We currently have two such stateful objects: one being the protocol stack, and the other a handle to it (net::Peer). It is possible for the handle to outlive the protocol stack (and continue to communicate with it in case it gets restarted). The handle may, however, spawn tasks itself, as it currently manages the storage pool. For these reasons, we allocate independent Spawns for each of them -- which means that this is all internal state management, and the library user never gets to see any of those Spawners.

For all of this to work, it is crucial that all librad code is executed in an async context (ie. inside Runtime::block_on). This will usually behave as expected in single-entry main() programs, but requires to manage the runtime lifecycle in the multi-peer integration tests: since they hold on to temporary files, it is advisable to wait on complete task shutdown (that is: runtime termination) before removing them.

Note that morally, these tests should allocate a separate runtime per logical peer, in order to approximate the real-world multi-process behaviour. This would, however, require considerable boilerplate for test writers to ensure operations are scheduled onto the right peer's event loop, so it was opted to use a single runtime peer test instead.

Collaterals

2029473319c961e326d774683acda49d2106f274 is reverted in the process, as this would subvert the task-tracking introduced here.

The logging verbosity of the test suite has been reduced in CI, as the amount of log output has exceeded a useful volume.

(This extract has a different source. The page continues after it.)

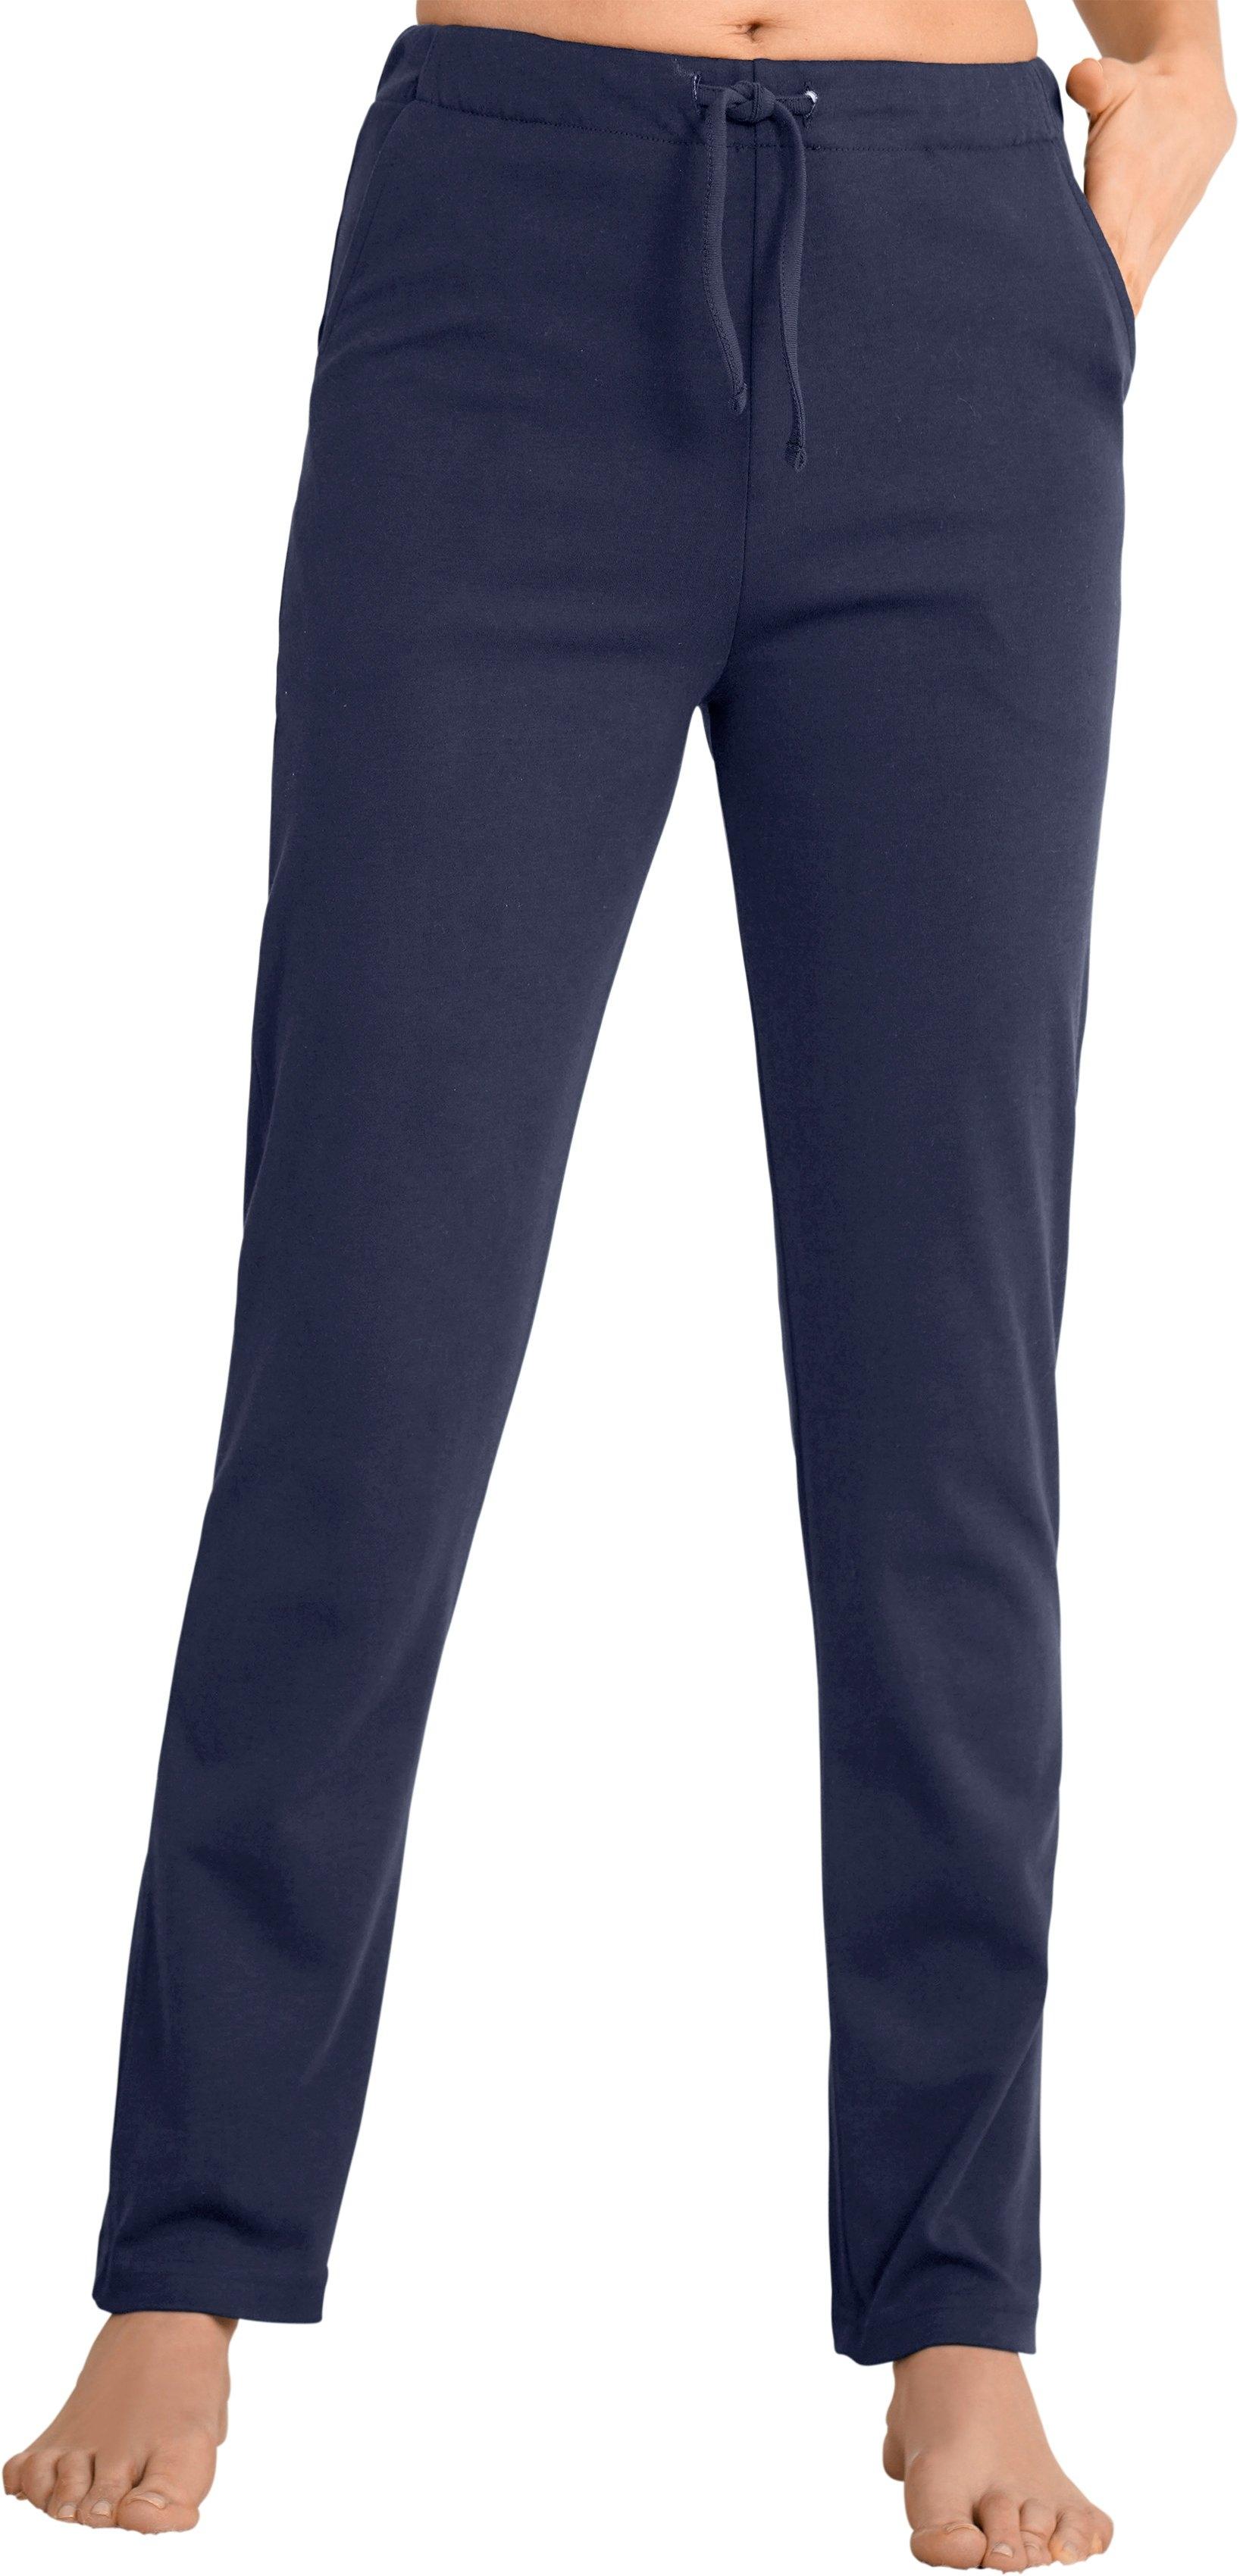 Plantier broek met comfortabele, elastische band goedkoop op otto.nl kopen
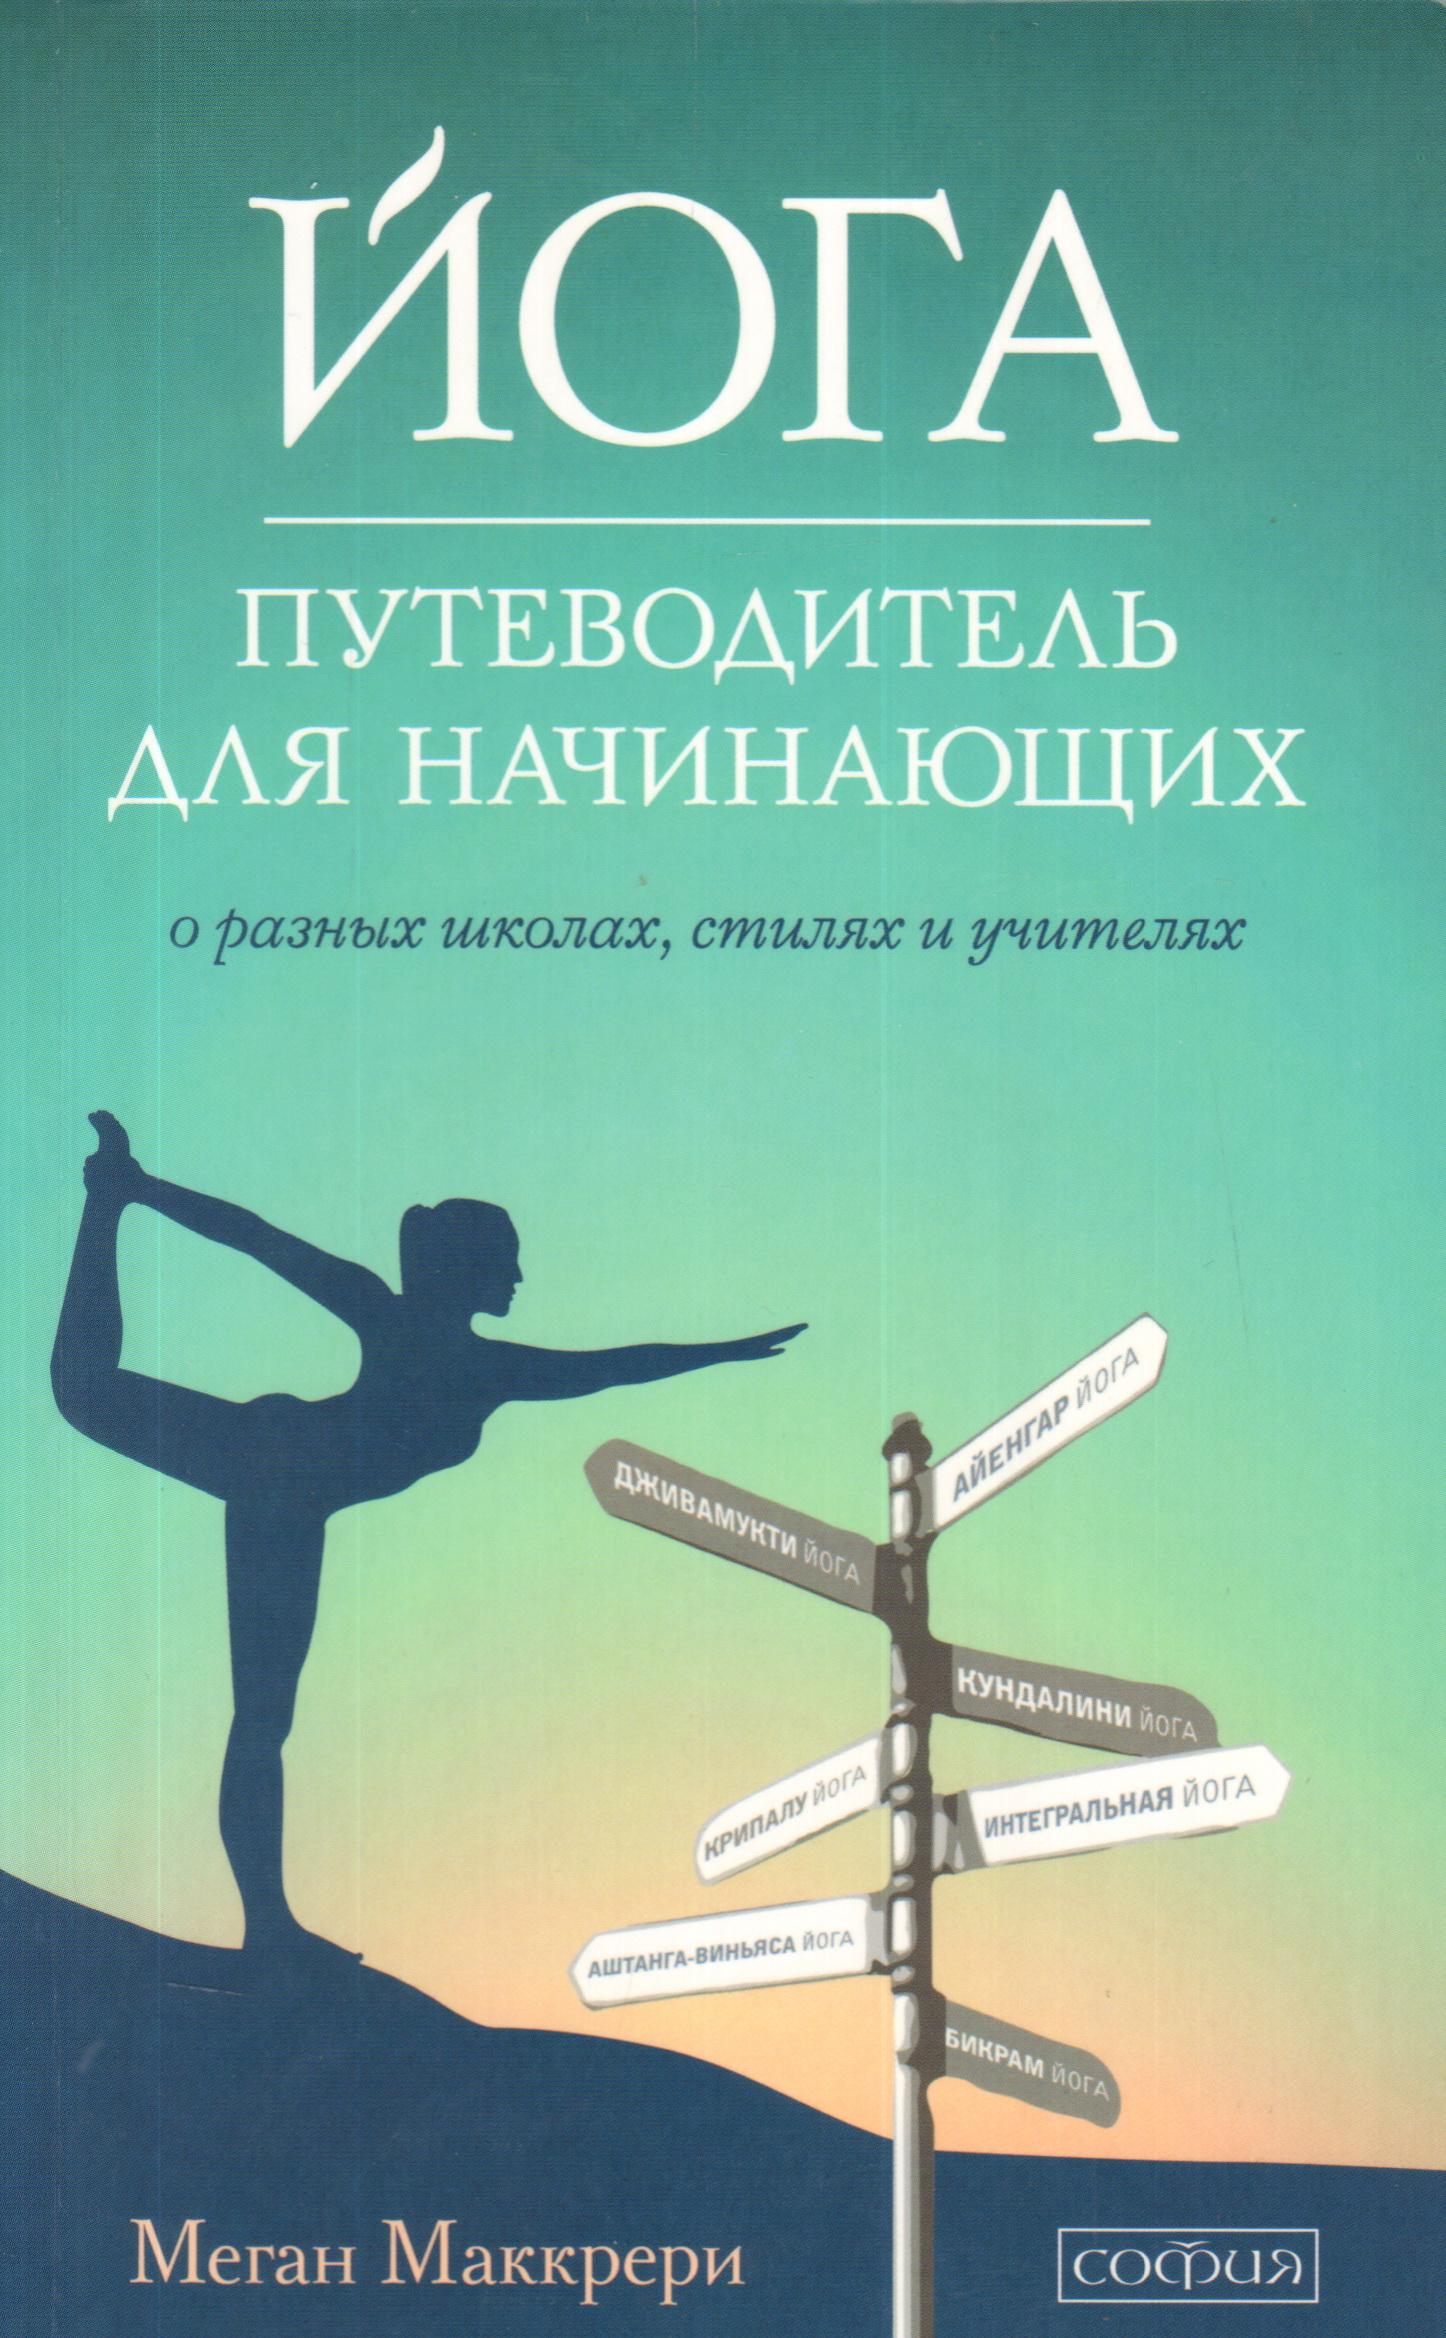 Йога. Путеводитель для начинающих: О различных школах, стилях и учителях

Signed-off-by: Kim Altintop kim@monadic.xyz

kim commented 3 years ago

The infuriating part of this is that it is apparently not possible to wake our background future from a Drop impl for Spawn, even when keeping track of a Waker. I have no explanation as to why this is different from calling shutdown() explicitly, other than Drop being allowed to change evaluation order (contradicting the reference).

kim commented 3 years ago

If you have time, could you maybe run this in a few different ways trying to see if it breaks (that is, fails to release resources eventually)? I can observe that the tests now shut down orderly, but haven’t gotten around to killing off some network interfaces f.ex.

I’ll see if I can figure out the wake-on-drop issue at a later point, but I think this might be a win overall already.

FintanH commented 3 years ago

I used what @geigerzaehler was using for stressing resource usage https://archlinux.org/packages/community/x86_64/stress/.

Running on master I was able to reproduce the errors where git couldn't find temporary directories:

May 05 16:05:59.407 ERROR librad::git::refs:error=failed to create temporary file '/run/user/1001/.tmptNWOKP/git/objects/tmp_object_git2_kG0REN': No such file or directory; class=Os (2)
May 05 16:05:59.426 ERROR librad::git::replication::project:error=failed to create temporary file '/run/user/1001/.tmptNWOKP/git/objects/tmp_object_git2_kG0REN': No such file or directory; class=Os (2)
May 05 16:05:59.426 ERROR librad::git::replication::project:error=failed to create temporary file '/run/user/1001/.tmptNWOKP/git/objects/tmp_object_git2_kG0REN': No such file or directory; class=Os (2)
May 05 16:05:59.430 ERROR librad::git::replication:error=failed to create temporary file '/run/user/1001/.tmptNWOKP/git/objects/tmp_object_git2_kG0REN': No such file or directory; class=Os (2)

I then switched to kim/cancel-culture and ran the test suite 3 times without any failures.

kim commented 3 years ago

Unfortunately, a number of the daemon tests fail to terminate after rebasing.